Following Dorninger et al. (2013), the core experiment provides the foundation on which the other tiers are gradually built up tier by tier. Beyond the core, participants can choose how many additional tiers to evaluate and perhaps make other contributions. The tiers represent a progression in terms of forecast type, parameter, and choice of a verification analysis or observation, exploring a range of challenges:
Tier 1 explores the spatial verification of deterministic wind forecasts, as well as ensemble forecasts of precipitation and wind, against control analysis and point observations.
Tier 2a considers the use of an ensemble of analyses as the verification dataset for quantifying analysis uncertainty in a deterministic forecast context.
Tier 2b considers the use of an ensemble of analyses as the verification dataset for quantifying analysis uncertainty in an ensemble forecast context.
Tier 3 is the user-defined tier where method-specific sensitivities can be explored, model reruns can be assessed alongside the common dataset, or other parameters can be explored.
One of the key aims of the first spatial verification method intercomparison was to understand whether the spatial verification approaches provide more intuitive results that are in better agreement with a human’s subjective verification. Objective results of the different spatial verification methods were therefore compared to a subjective assessment (Ahijevych et al. 2009). The experiences gained during this process revealed just how challenging subjective assessment can be, as there was considerable disagreement between the assessors, depending on how each ranked the forecast attributes from the most to the least important. We do not propose to repeat exactly the same methodology in MesoVICT, but instead construct a ranking of cases for each of the participating methods and compare how the different verification methods rank the same set of cases. This process could result in a grouping of methods that assess similar attributes. Because each case study spans a time period of a few days, hourly scores can be used to track aspects of forecast performance over the case study time span. Furthermore, aggregation of the forecast performance metrics over the time period of the case study will provide the summary score for the ranking of the six case studies, which represent very different but typical synoptic settings in the Alpine region. Participants are encouraged to also provide inference information for these aggregated scores (e.g., confidence intervals or p scores) to ensure that the ranking of the case studies is accompanied by statistical significance.

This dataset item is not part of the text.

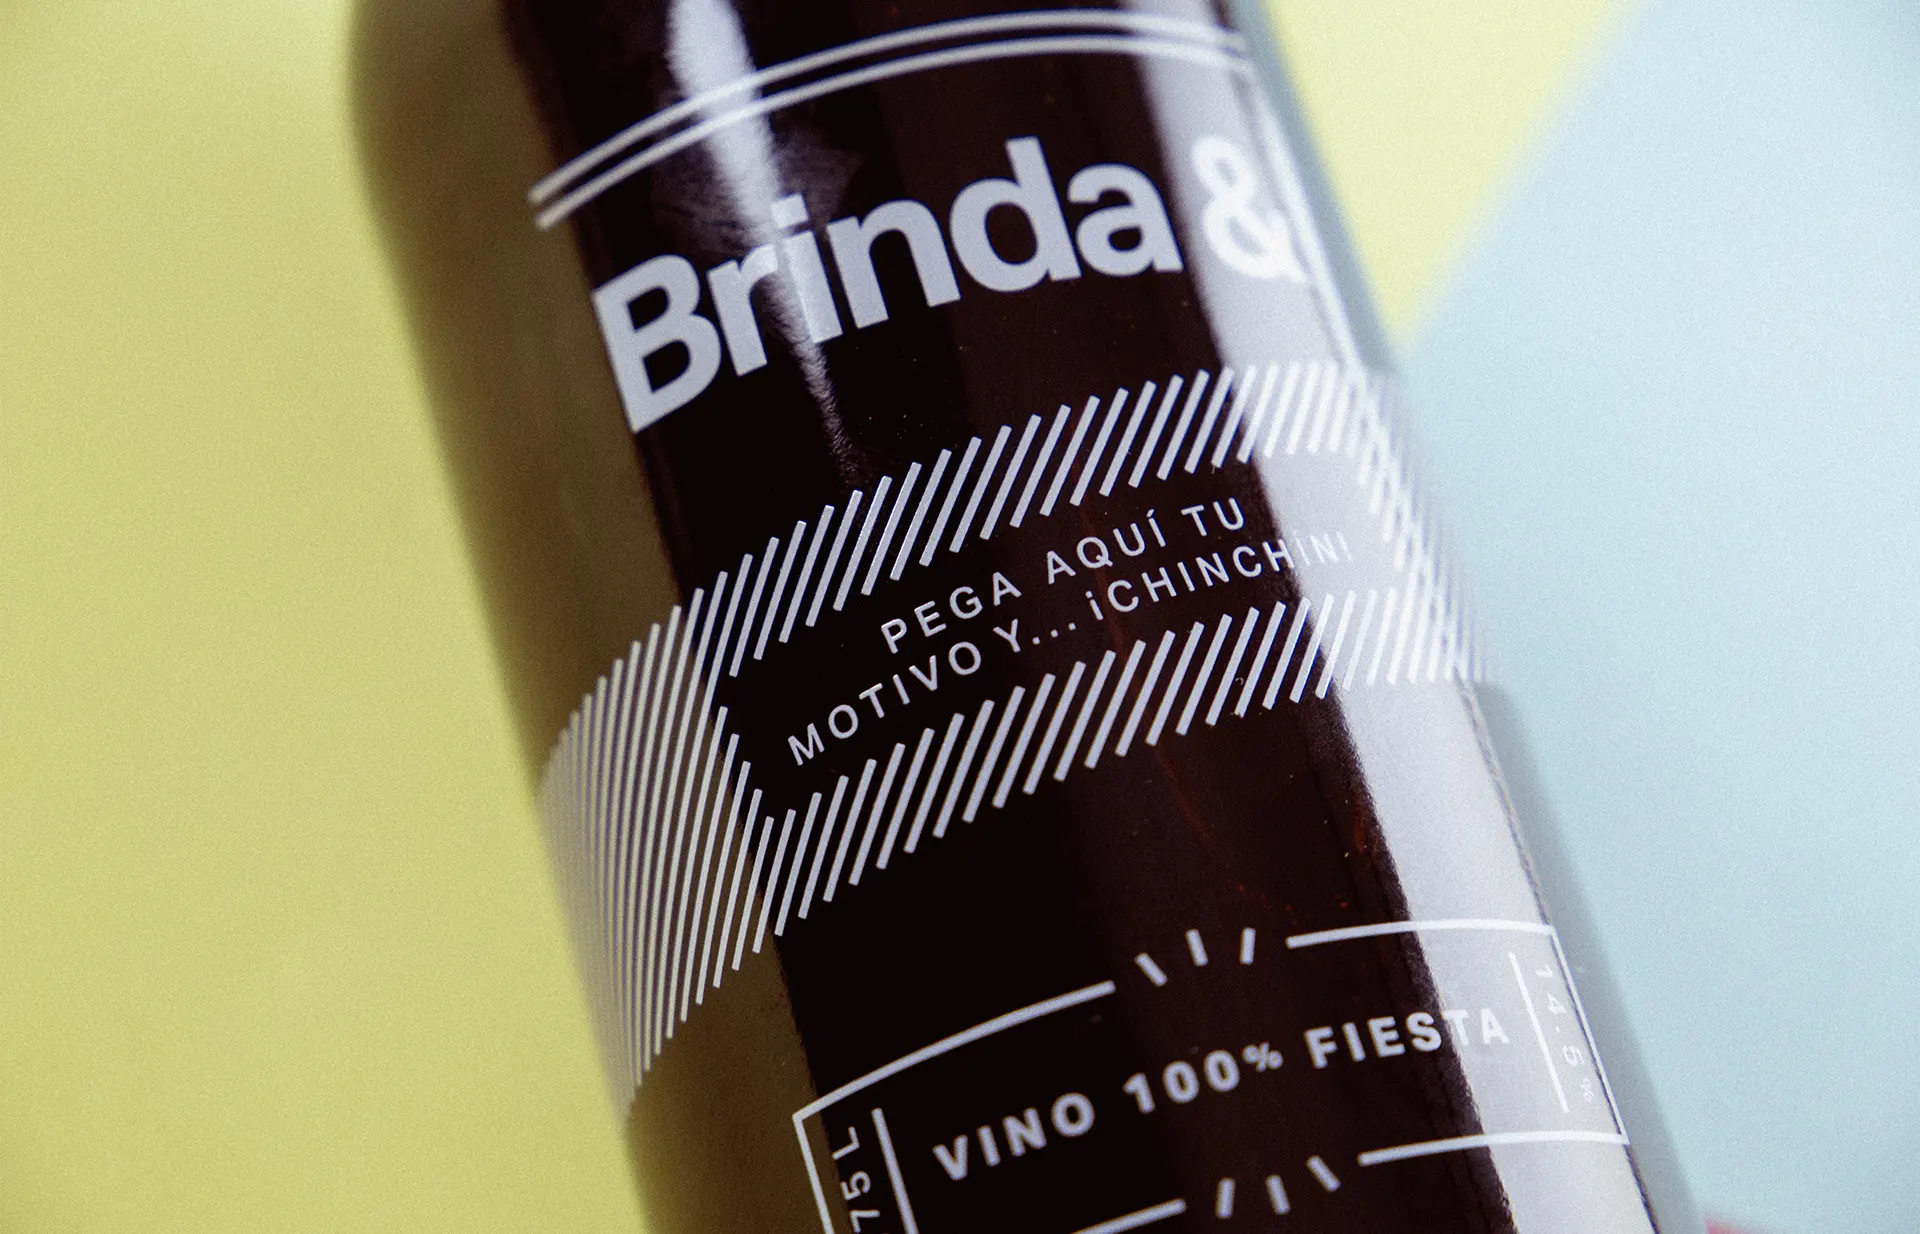 Serigrafía de la botella de Brinda&.

MesoVICT takes advantage of the huge data collection effort within the framework of two World Weather Research Programme (WWRP) Forecast Demonstration Projects (FDPs), namely, the Mesoscale Alpine Program (MAP)–Demonstration of Probabilistic Hydrological and Atmospheric Simulation of Flood Events in the Alpine Region (D-PHASE) project (Rotach et al. 2009) and the Convective and Orographically-Induced Precipitation Study (COPS; Wulfmeyer et al. 2008) over central Europe in 2007. This data collection covers observations, Vienna Enhanced Resolution Analyses (VERA), and deterministic and ensemble model forecasts for at least June–November 2007. All of these data are stored at the World Data Centre for Climate (WDCC) of the Deutsches Klimarechenzentrum (DKRZ) in Hamburg, Germany, and are freely available (https://cera-www.dkrz.de/WDCC/ui/cerasearch/). Observational data and VERA analyses are stored in netCDF format and model forecasts are stored in gridded binary 1 (GRIB1) format. To facilitate ease of access to the data for MesoVICT participants, data for the selected case studies are provided in ASCII format (“MesoVICT case and example application” section) at the National Center for Atmospheric Research (NCAR) website and can be downloaded from www.ral.ucar.edu/projects/icp.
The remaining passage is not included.